American Political Science Review, 1919, vol. 13, issue 4, 593-606

Abstract: Constitutional objections to many of the provisions of the civil service laws have been raised in several of the jurisdictions in which such legislation has been enacted. In addition to the national government there are today ten states which have provided for the application of the merit system to the appointment of all or a portion of the administrative officers and employees.

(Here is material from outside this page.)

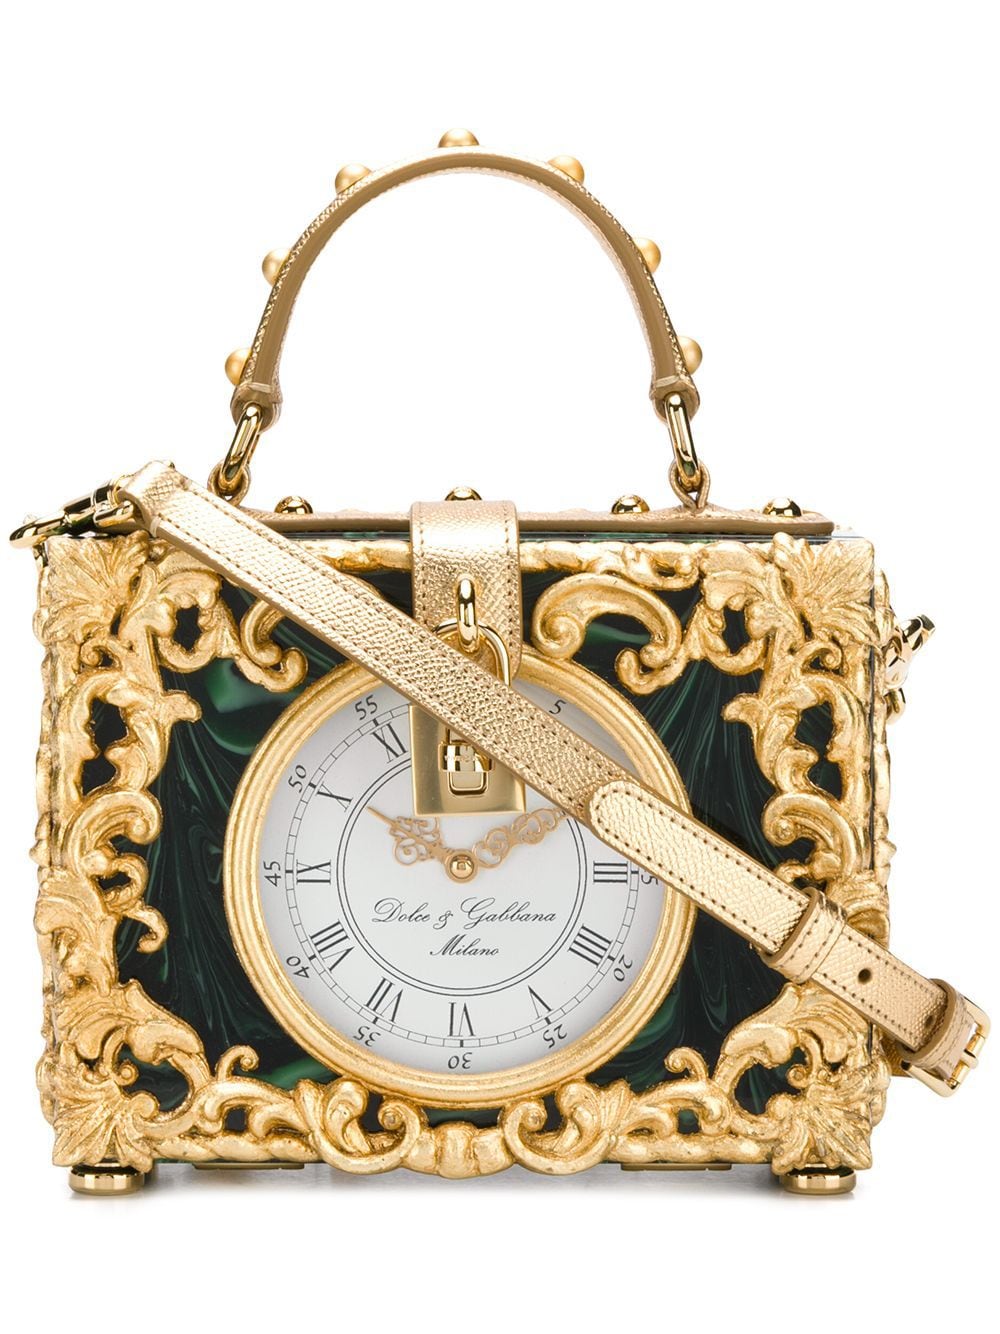 фото Dolce & gabbana сумка box orologio barocco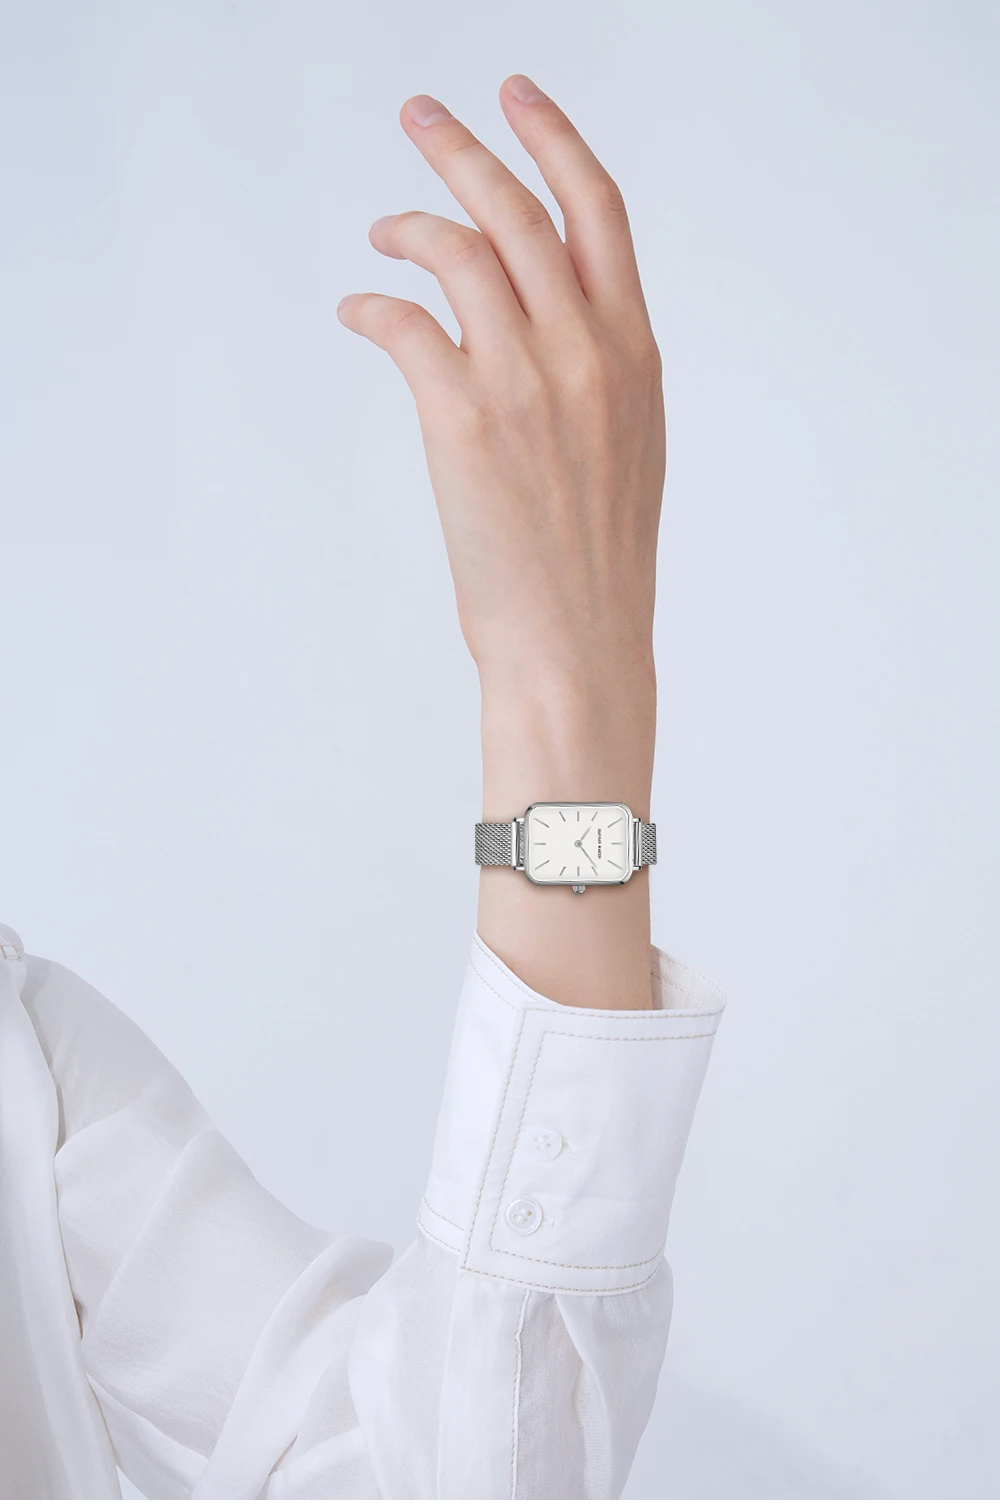 Rectangle Ultrathin Nordic Bauhaus Simple Design Japan Quartz Lady Fashion Stainless Steel Mesh Bracelet Belt Watches for Women -H5904528e35754f549f19a5004747b55aL

These ten states with the dates of the adoption of the law are as follows: New York, 1883; Massachusetts, 1884; Wisconsin, 1905; New Jersey, 1908; Illinois, 1911; Colorado, 1912; Ohio, California and Connecticut, 1913; and Kansas, 1915. In Illinois and Colorado the employees in the state institutions had been under the merit system for several years prior to the adoption of the general civil service laws.In four of these jurisdictions—California, Colorado, Connecticut and Kansas—there have been no cases involving the constitutionality of civil service legislation. In Colorado there have been at least two bitter controversies in the courts as to the interpretation of the law but in neither case did the parties who fought the law contend that it was unconstitutional. The question of the legality of the adoption of the Colorado law has also been before the courts; but the constitutionality of the provisions of the law has not been attacked. In New Jersey the only case of importance touching the matter of constitutionality is that of the Attorney-General v. McGuinness, but here the decision dealt entirely with the constitutionality of one of the methods prescribed for extending the operation of the law to municipalities.